Meteor Crater – Arizona

Meteor crater was a quick stop on our Arizona road trip. Since the crater is privately owned, admission is $18/person, which is a egregious, especially considering admission to the Grand Canyon is $30/per vehicle for an entire week. So I guess when it comes to paying to look at holes in the ground, the Grand Canyon gives you the most bang for your buck. On the bright side, admission to meteor crater comes with a voucher for a free chocolate chip cookie at the Subway in the visitor center.

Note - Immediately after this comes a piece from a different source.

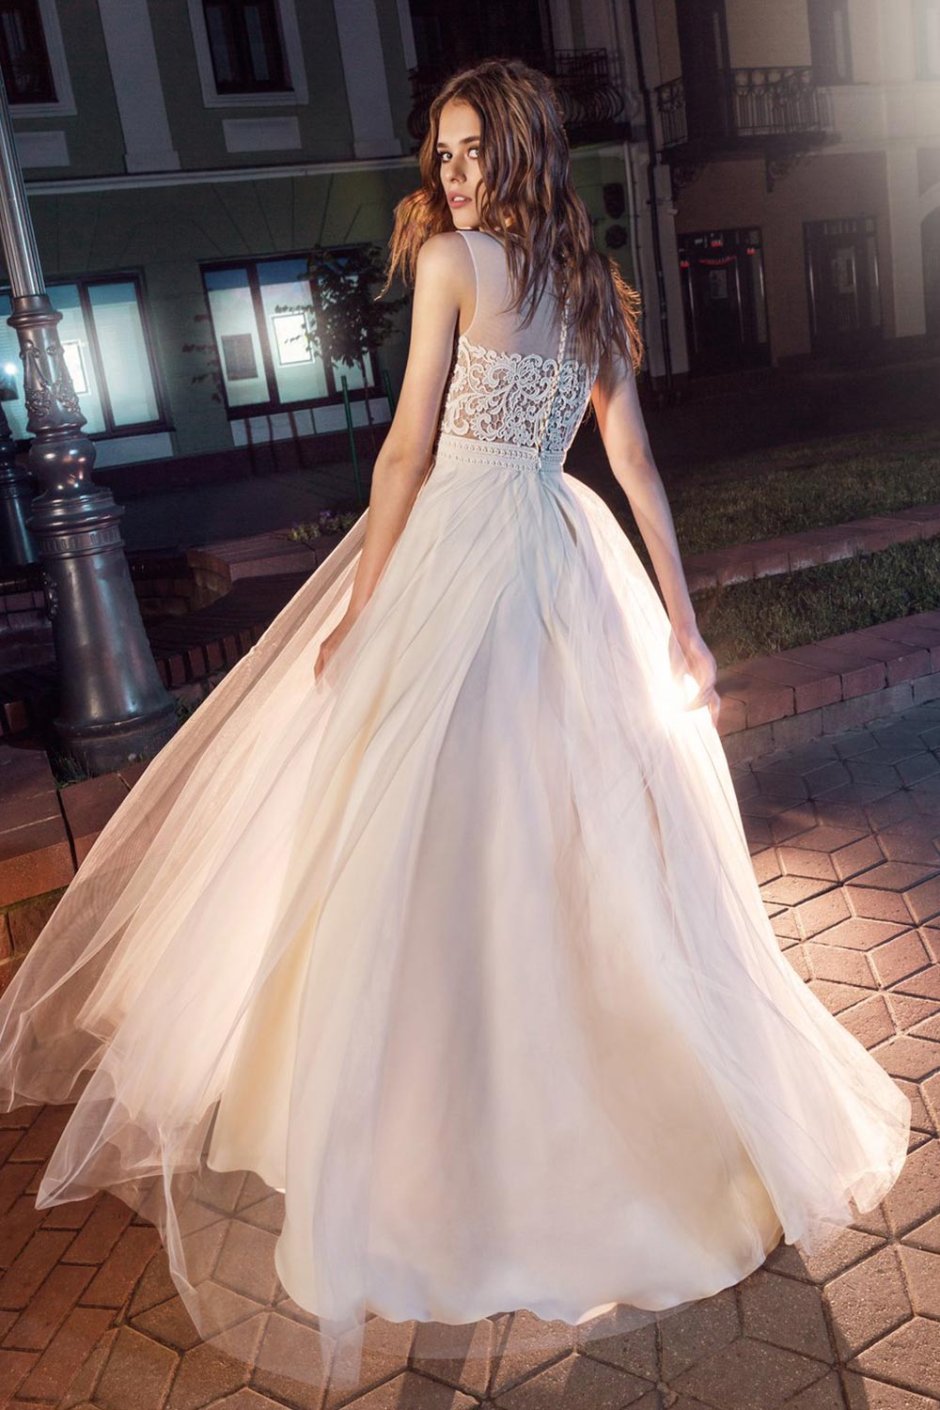 Кармелита в свадебном платье

The catch is that you have to endure an entire Subway sub in order to earn your free cookie which probably isn’t worth it.

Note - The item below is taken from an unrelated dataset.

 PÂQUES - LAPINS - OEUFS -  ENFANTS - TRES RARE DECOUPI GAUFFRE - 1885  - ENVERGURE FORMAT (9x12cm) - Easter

Despite the fact that this is a bit of a tourist trap, the crater is impressive and worth the quick stop. It is almost one mile across and about 550 feet deep. So it’s huge. It is considered to be one of the best preserved meteorite impact sites on earth. There was also a small museum in the visitor center with some interesting information about the history of the crater and and a short movie explaining its history. It is believed that the impact occurred approximately 50,000 years ago and the 150-foot-wide meteor was traveling at a speed of 26,000 miles per hour. According to what we learned in the visitor center, the impact was the equivalent of 20 million tons of TNT exploding simultaneously.


meteor crater Arizona

meteor crater Arizona
View from the parking lot

meteor crater Arizona

There is a walkway along part of the crater rim complete with observation decks and telescopes that allow you to get a close-up look at the surface of the massive crater. The walkway does not go all the way around the crater and visitors are not permitted to descend into the crater.

meteor crater Arizona

 

Getting There

The meteor crater is located in Winslow, Arizona, which you may recognize from a certain Eagle’s song. It is located about 45 minutes east of Flagstaff on I-40. You take exit 233 on the aptly named Meteor Crater Road and follow the road until you arrive at the parking lot. It’s about an hour and half drive from Sedona, two hours from the Grand Canyon, and almost three hours from Phoenix.